Weir's response was immediate and unambiguous. "I think you and me are kind of on the same wavelength there when it comes to fiction writing," he said. "I never put any politics or messaging in any of my stories at all. There's no deeper meaning; there isn't even any symbolism, even non-political. There's just no symbolism at all. My books are just purely to entertain."
Weir added. "You don't have to worry about the message."
That's a best-selling author of two major Hollywood adaptations - The Martian and now Project Hail Mary - telling an audience of millions that the secret ingredient is the absence of an agenda.
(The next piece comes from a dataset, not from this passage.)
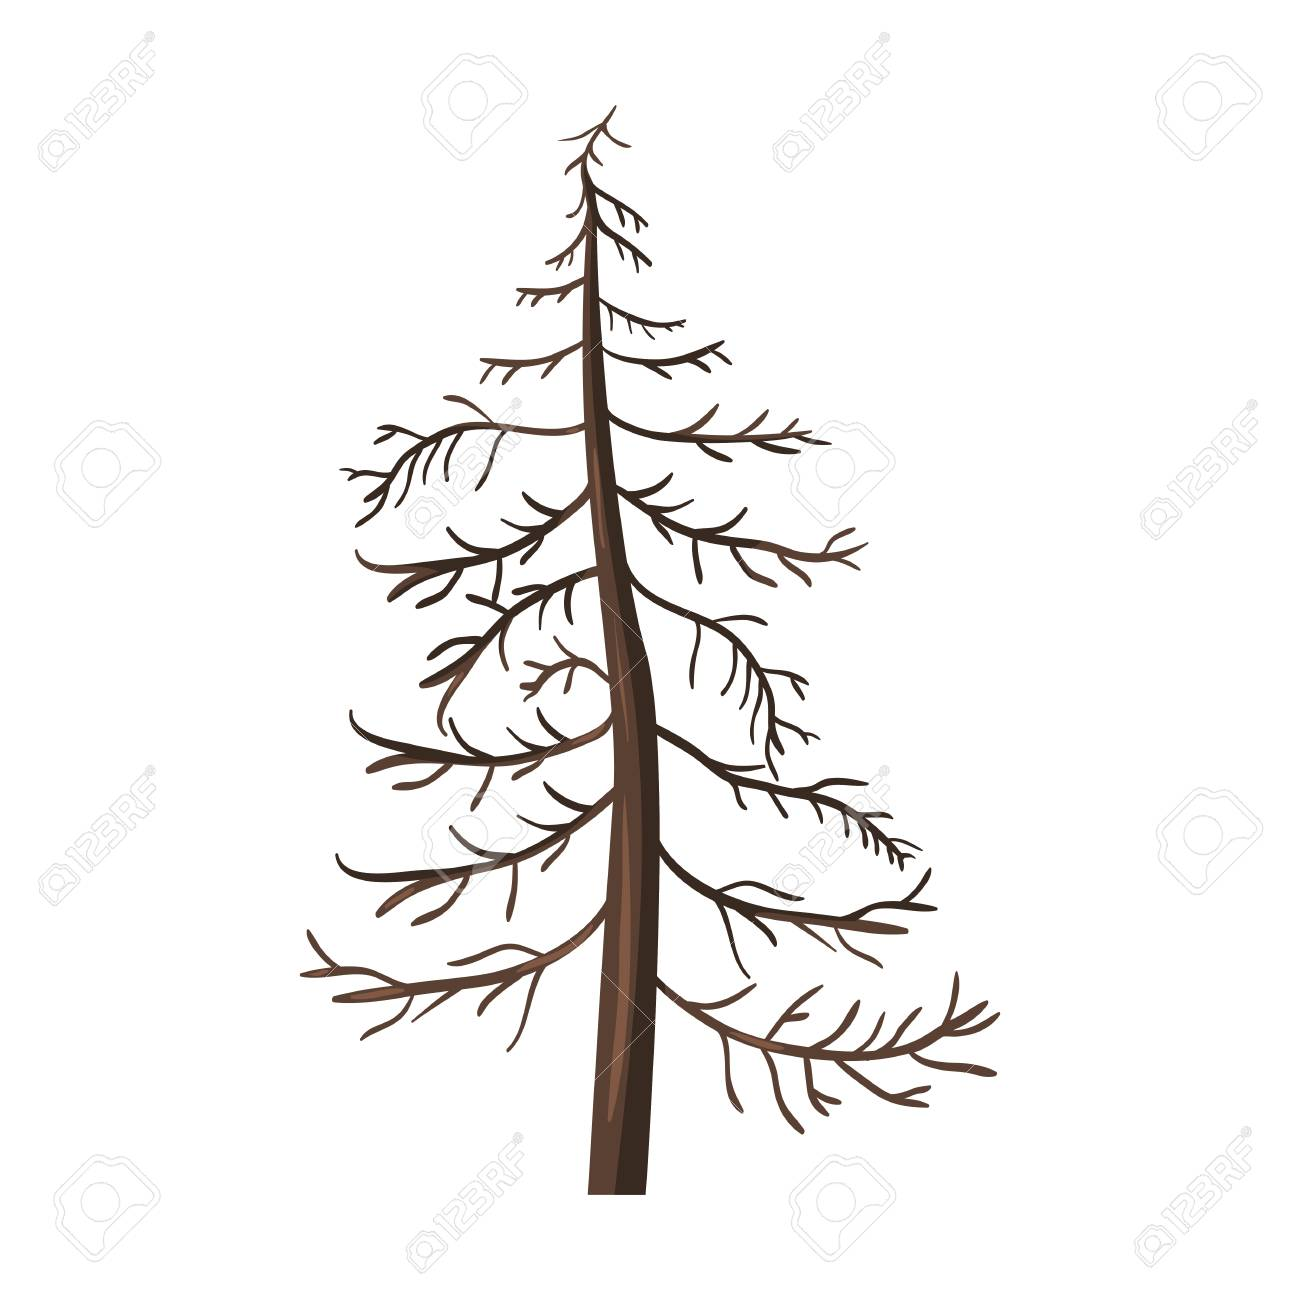 Vector Single Cartoon Brown Bare Pine Tree on White Background.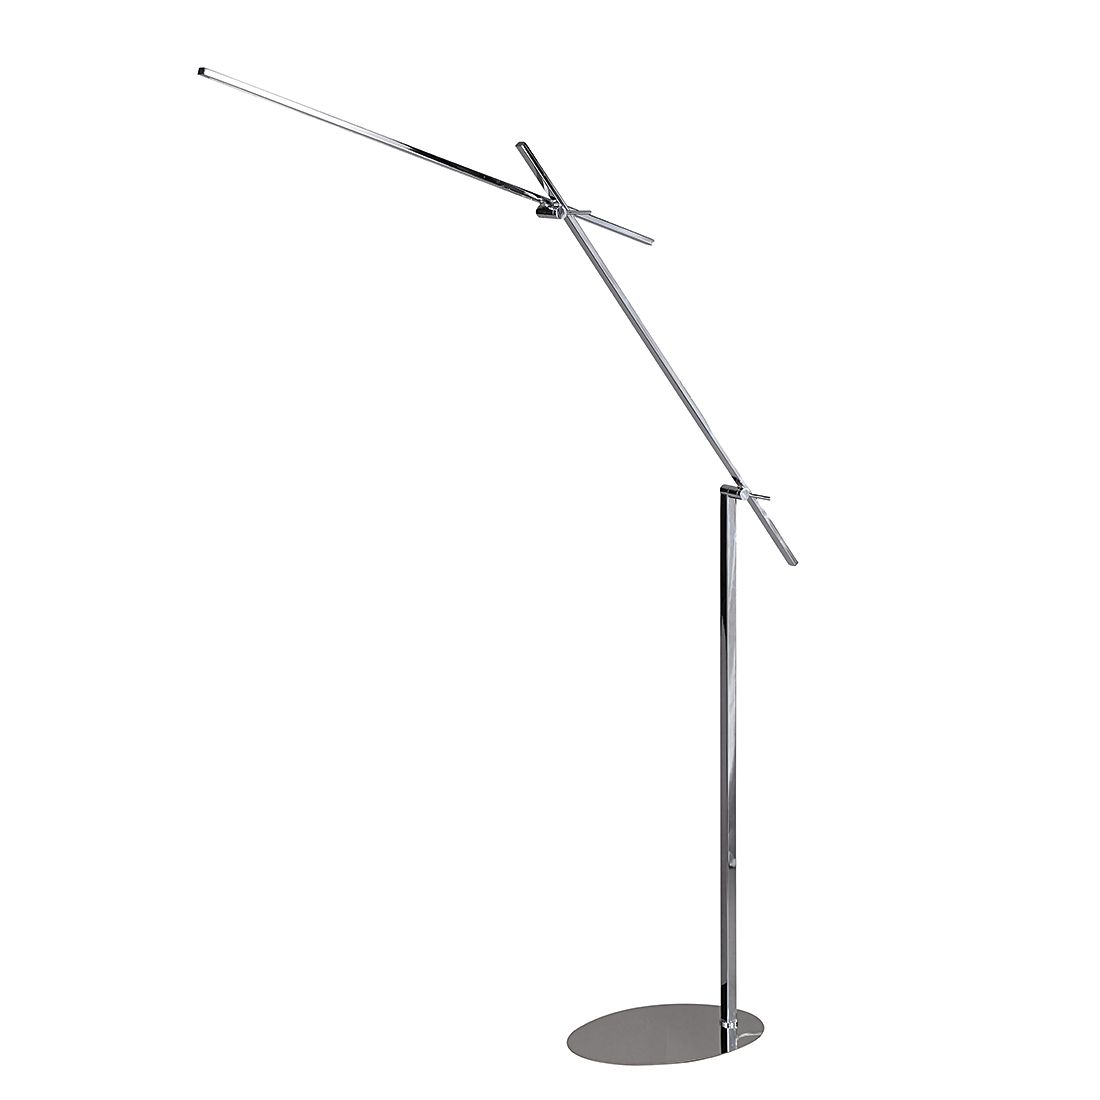 energie  A+, Staande lamp ORBIT - metaal/kunststof - 1 lichtbron, Wofi

Not diversity hires. Not carefully calibrated representation metrics. Not a third-act monologue about social justice. Just a story, told well, about humans trying to survive.This is why Andy Weir will always be one of my favorite authors. His goal is to entertain, not lecture. pic.twitter.com/5KmvOvf8c4
— Lily* (@300mirrors) March 24, 2026
The contrast with HBO Max's upcoming Harry Potter series couldn't be clearer. Last week, the teaser trailer for the first season dropped, and the internet promptly caught fire over the casting of Paapa Essiedu - a black actor - as Severus Snape. The show had been pitched as a more faithful adaptation of J.K. Rowling's novels than the original eight films were able to be. But upon the announcement of Essiedu’s casting, fans quickly pointed to original illustrations and decades of book descriptions of Snape, and realized this was not going to be a faithful adaptation of the novels.
Following the release of the trailer, social media has been flooded with "Black Snape" memes, AI-generated edits, and videos, many lamenting how certain Harry Potter storylines and character dynamics will land differently because of the race swap. The conversation about the new series has become almost entirely about casting politics and DEI, rather than storytelling.
That's exactly what Project Hail Mary avoided. Directors Phil Lord and Chris Miller, and a production that respected its source material, delivered a film people actually wanted to see.
Hollywood has a template now. It's not complicated. Serve the audience, not the agenda. The question isn't whether the lesson is available. It's whether Hollywood is willing to hear it.